Characterization of Adhesion of Porphyromonas gingivalis Hgp44 to Treponema denticola

Objectives: Coaggregation between two major periodontal pathogens, P. gingivalis and T. denticola, is important in the periodontopathic biofilm formation. Two arginine-specific and lysine-specific proteinases (RgpA, RgpB and Kgp) are the major virulence factors of P. gingivalis. RgpA and Kgp have adhesion/hemagglutinin domains following to the catalytic domains. It has been shown that Hgp44 in the adhesion/hemagglutinin domains of Rgp is involved in its coaggregation with T. denticola. The purpose of this study is to elucidate the active site of adhesion in Hgp44 to T. denticola.
Methods: The sequence coding 1-316 and 1-419 (full length of Hgp44) of amino acid residues was amplified by PCR. The amplification genes were inserted in expression vector pET32Xa/LIC. The recombinant proteins were expressed in E. coli BL21. Clones expressing recombinant proteins were designated as r-Hgp44₂ (1-316) and r-Hgp44 (1-419). SDS-PAGE and immunoblotting using anti-P. gingivalis whole cell antibody and anti-penta-His HRP conjugate monoclonal antibody were used to confirm the expression of the recombinant proteins in sonicate of the clones. Enzyme-linked immunosorbent assay (ELISA) was used to evaluate their adhesion to T. denticola ATCC 35405.
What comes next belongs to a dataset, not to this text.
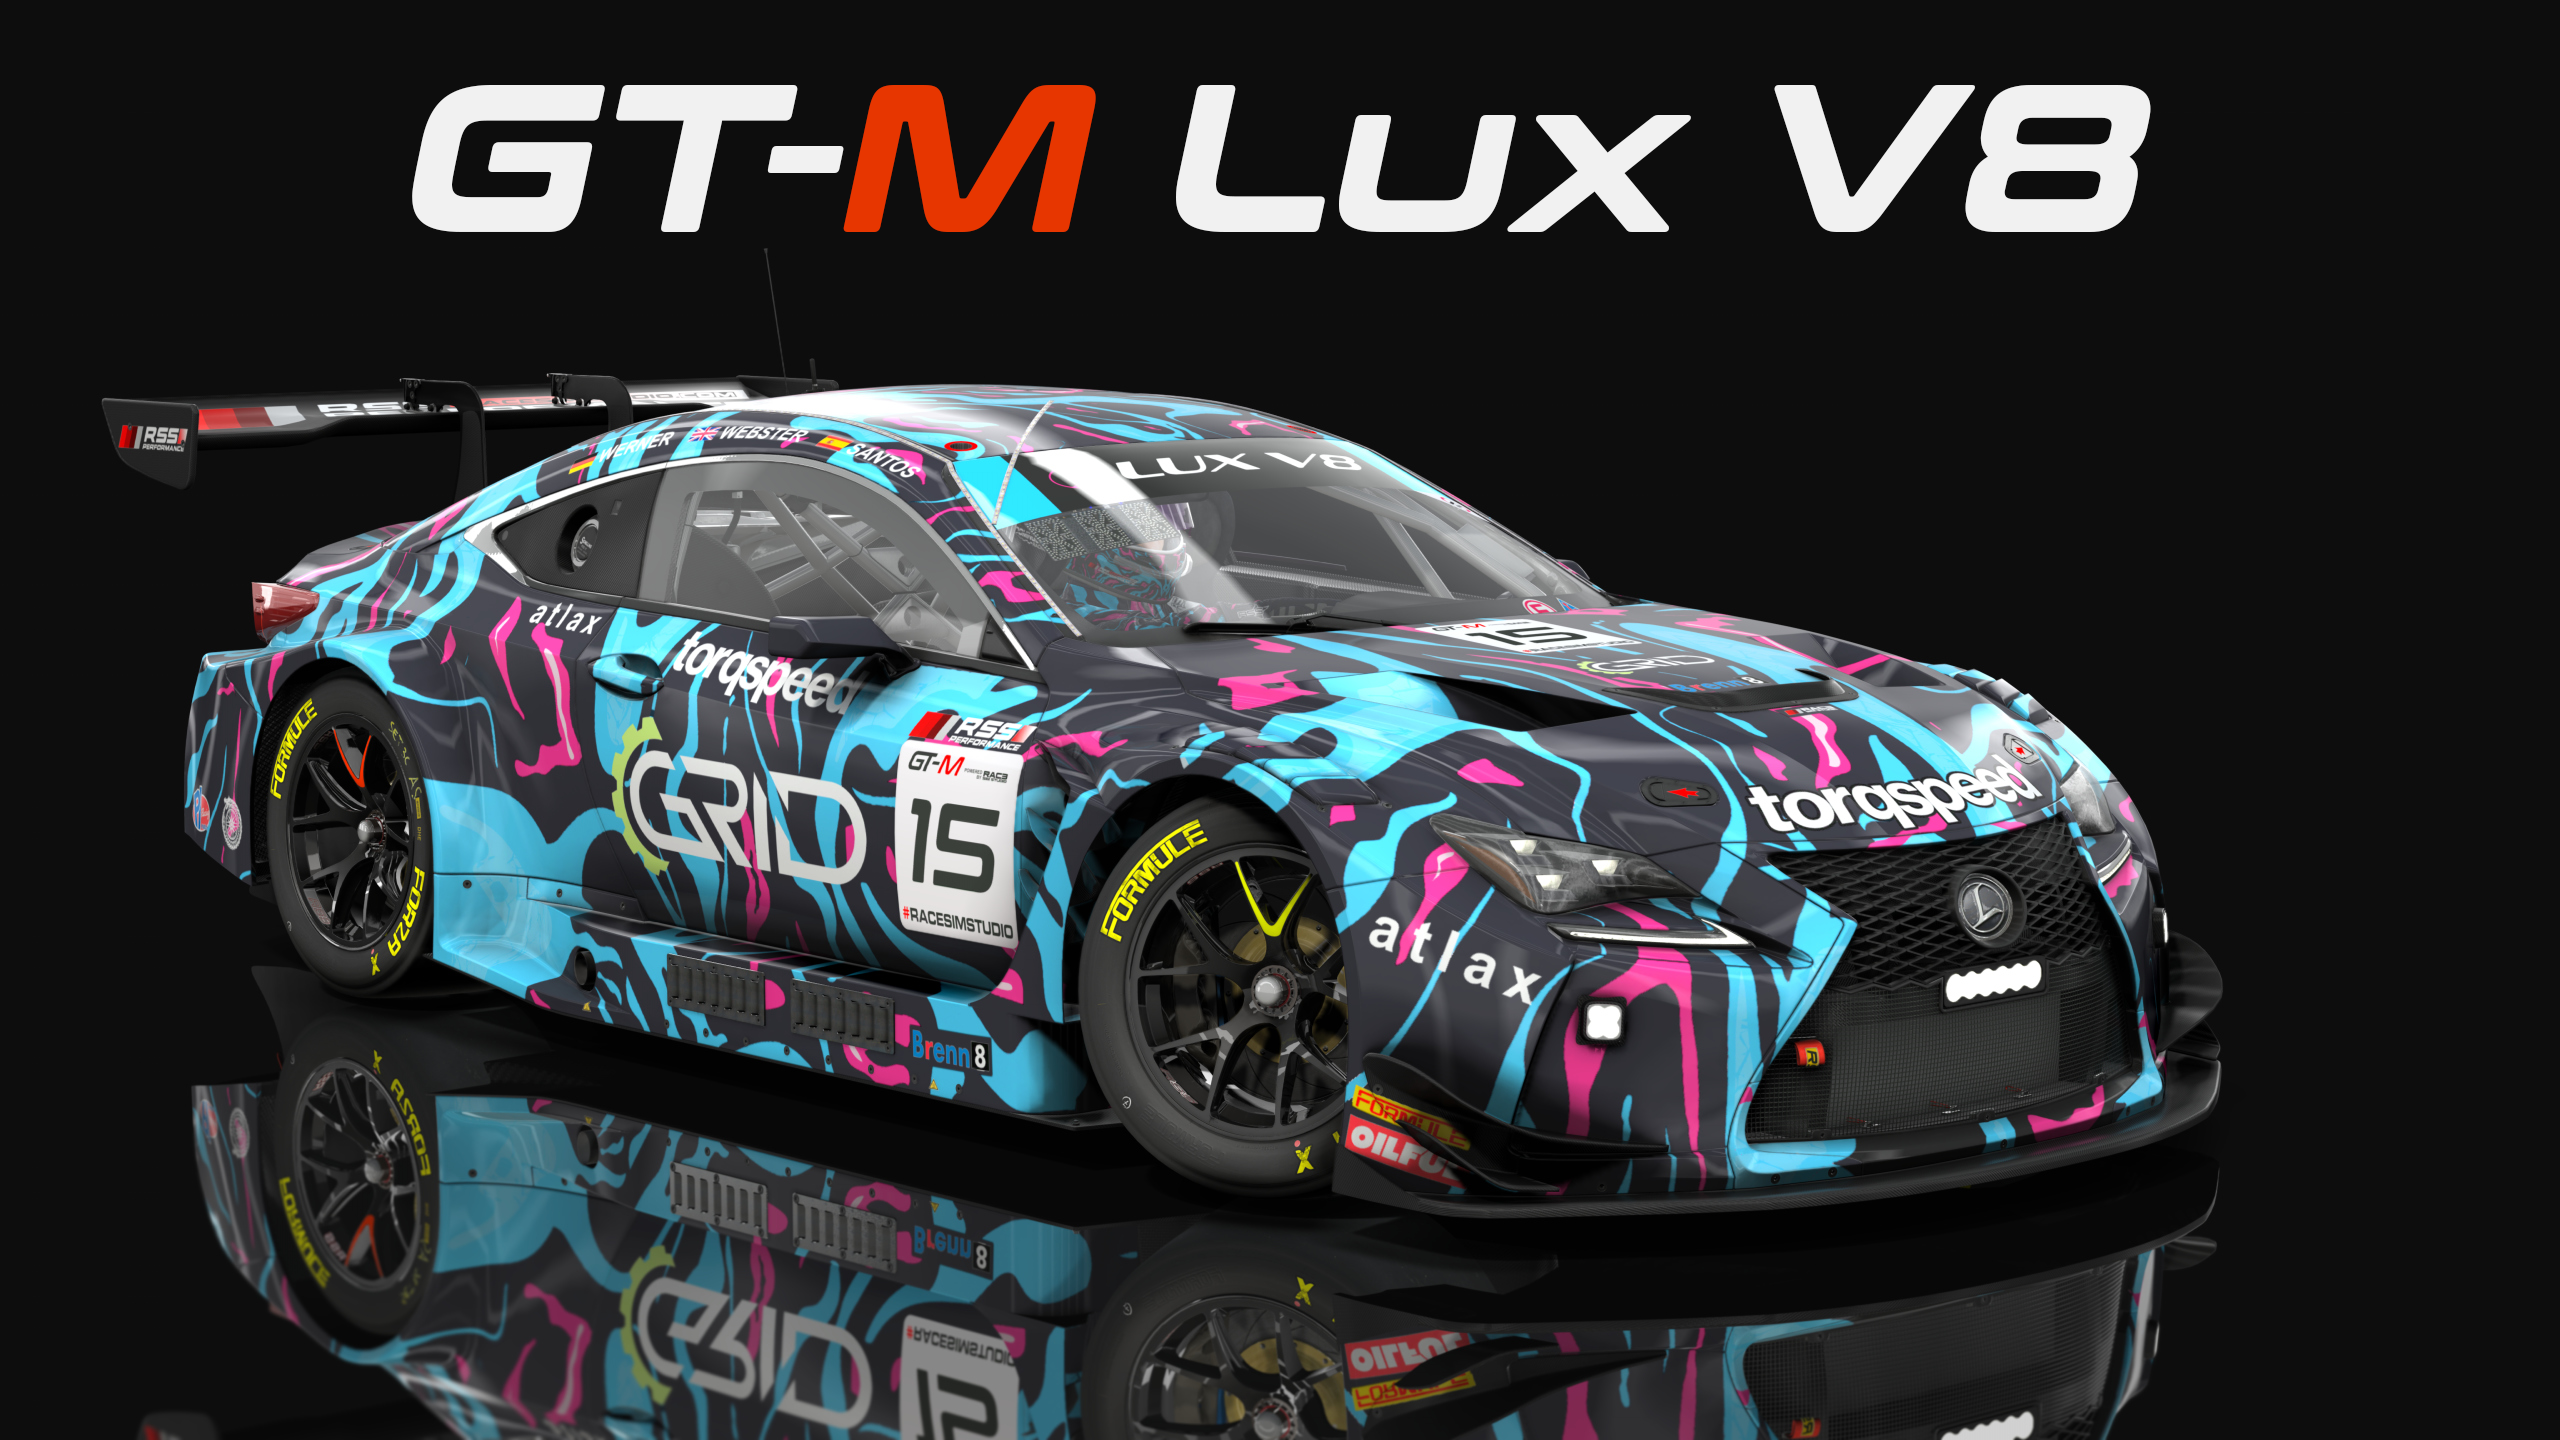 More information about "Assetto Corsa: GT-M Lux V8 by Race Sim Studio disponibile"

Results: Productions of r-Hgp44₂ and r-Hgp44 were confirmed by SDS-PAGE and immunoblotting (67kDa for r-Hgp44₂, 75kDa for r-Hgp44). ELISA results indicated that adherence activity of T. denticola to r-Hgp44 and r-Hgp44₂ sonicates was significantly higher than that to control (E. coli, P < 0.001). However, there was no significant difference in adherence to T. denticola between r-Hgp44 and r-Hgp44₂.
Conclusions: P. gingivalis Hgp44 domain responsible for adhesion to T. denticola is likely to reside in residues 1-316. We are currently investigating the specific adhesion domain within the Hgp44 fragment. Inhibition of such domain may disrupt periodontopathic biofilm formation and maturation.